In addition to social science, qualitative knowledge in natural science can be integrated into machine learning as well. For example, physical theories could guide humans to create knowledge-induced features for Higgs boson discovery (Adam-Bourdarios et al., 2015). Another strategy is to transfer language-based qualitative knowledge into numerical information. In computational molecular design (Ikebata et al., 2017), a molecule is encoded into a string including information such as element types, bond types, and branching components. The string is further processed by NLP models. The final strategy is to use experts to guide the learning process to identify a potential search direction. For instance, in cellular image annotation (Kromp et al., 2016), expert knowledge progressively improves the model through an online multi-level learning.
Concretely Formatted Knowledge
Although qualitative knowledge is relatively loose in both social and natural science, there are some formalized ways to represent it. For example, logic rules are often used to show simple relationships, such as implication (A → B), equivalence (A ↔ B), conjunction (A ∧ B), disjunction (A ∨ B), and so on. The simple binary relationship can be extended to include more entities by parenthesis association. It can be defined as a first order logic that each statement can be decomposed into a subject, a predicate, and their relationship. Logic rule–regularized machine learning models attract attention recently.

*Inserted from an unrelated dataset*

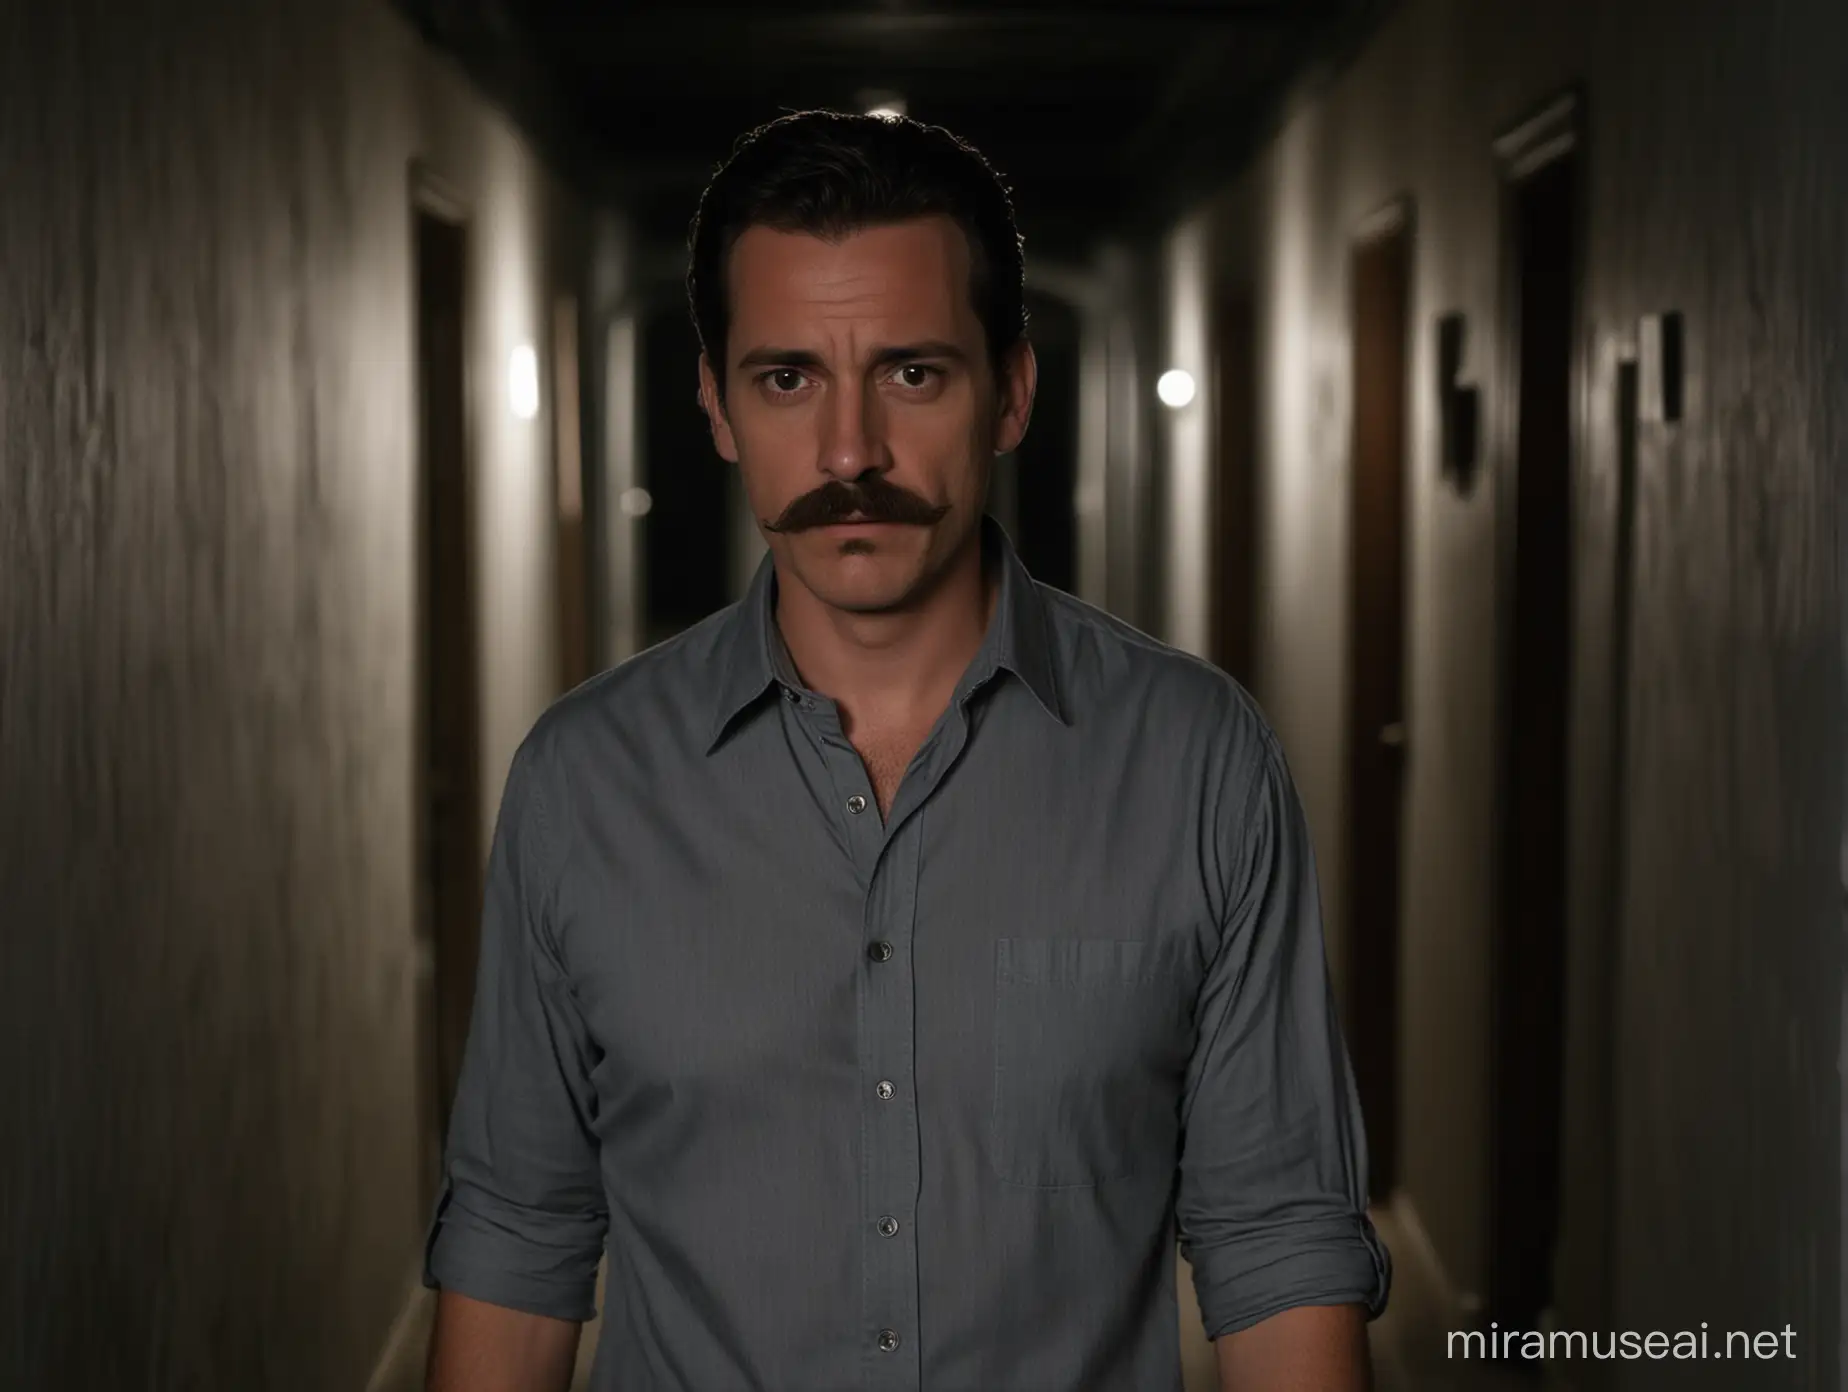 Serious Man with Mustache Walking Through Dark House at Night
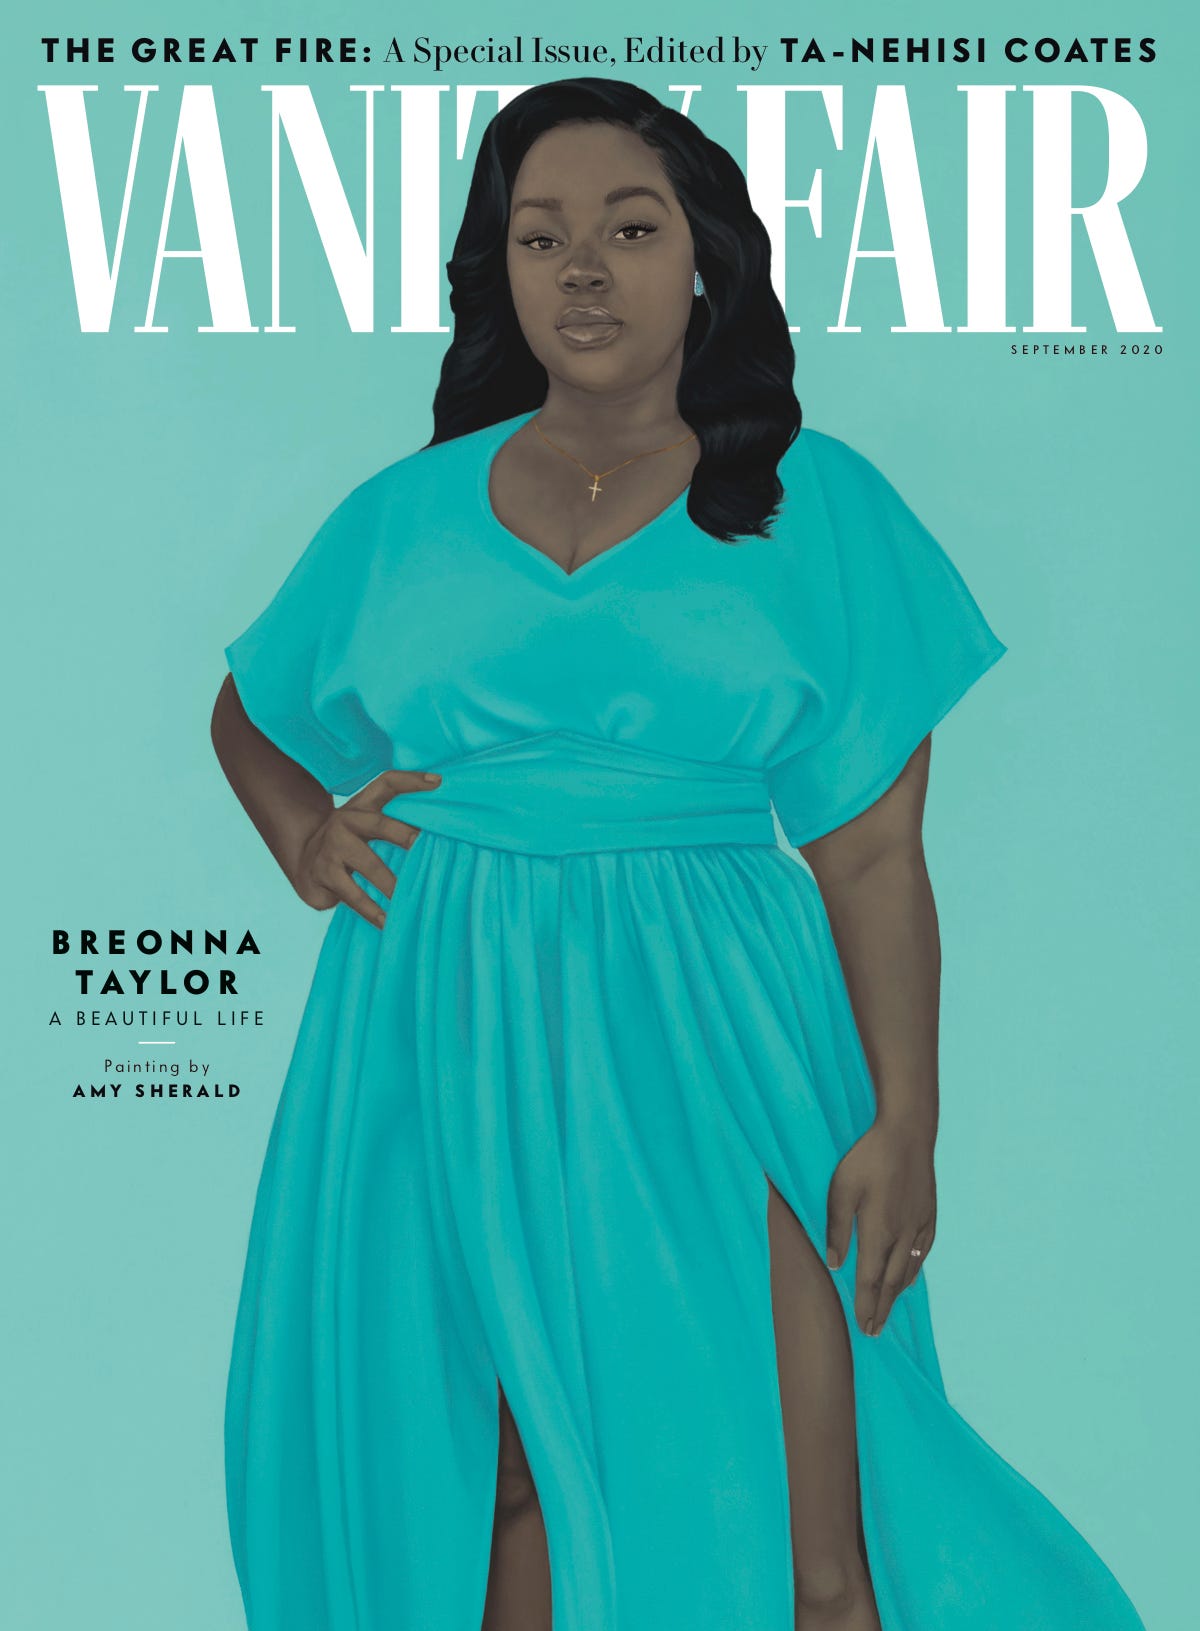 Breonna Taylor Portrait by Amy Sherald on the cover of Vanity Fair, September 2020 Issue in dress by Jibri

For example, a “but” keyword in a sentence usually indicates that the clause after it dominates the overall sentiment. This first-order logic can be distilled into a neural network (Hu et al., 2016). In a material discovery framework called CombiFD, complex combinatorial prioris expressing whether the data points belong to the same cluster (Must-Link) or not (Cannot-Link) can be used as constraints in model training (Ermon et al., 2014).
Besides logic rules, invariance is another major format of qualitative knowledge which is not subject to change after transformation. An ideal strategy is to incorporate invariance in machine learning models, i.e., to build models invariant to input transformation, yet this is sometimes very difficult. Some details are shown in Section Symmetry of Convolutional Neural Networks. Besides models, one can leverage the invariant properties by preprocessing the input data. One way is to find a feature extraction method whose output is constant when the input is transformed within the symmetry space. For example, the Navier-Stokes equations obey the Galilean invariance. Consequently, seven tensors can be constructed from the velocity gradient components to form an invariant basis (Ling et al., 2016). The other way is to augment the input data based on invariance and feed the data to models (see Section Data Augmentation).
Quantitative Domain Knowledge
In scientific domains, a large amount of knowledge has been mathematically defined and expressed, which facilitates a quantitative analysis using machine learning. In the following sections, three groups of quantitative knowledge, in terms of their representation formats, are discussed: equation-based, probability-based, and graph-based knowledge.
Equation-Based Knowledge
Equality and inequality relationships can be established by algebraic and differential equations and inequations, respectively. They are the predominant knowledge format in physics, mathematics, etc. At the same time, there is increasing amount of equation-based knowledge in chemistry, biology, engineering, and other experiment-driven disciplines. A great benefit of equations in aforementioned areas is that most variables have physical meanings understandable by humans. Even better, many of them can be measured or validated experimentally. The insertion and refinement of expert knowledge in terms of equations can be static or dynamic. Static equations often express a belief or truth that is not subject to change so that they do not capture the change of circumstance. Dynamically evolving equations, such as those used in the control area, are being used to express continuously updating processes. Equations in different categories play diverse roles in the machine learning pipeline, so equation-based knowledge can be further divided into subgroups according to their complexity.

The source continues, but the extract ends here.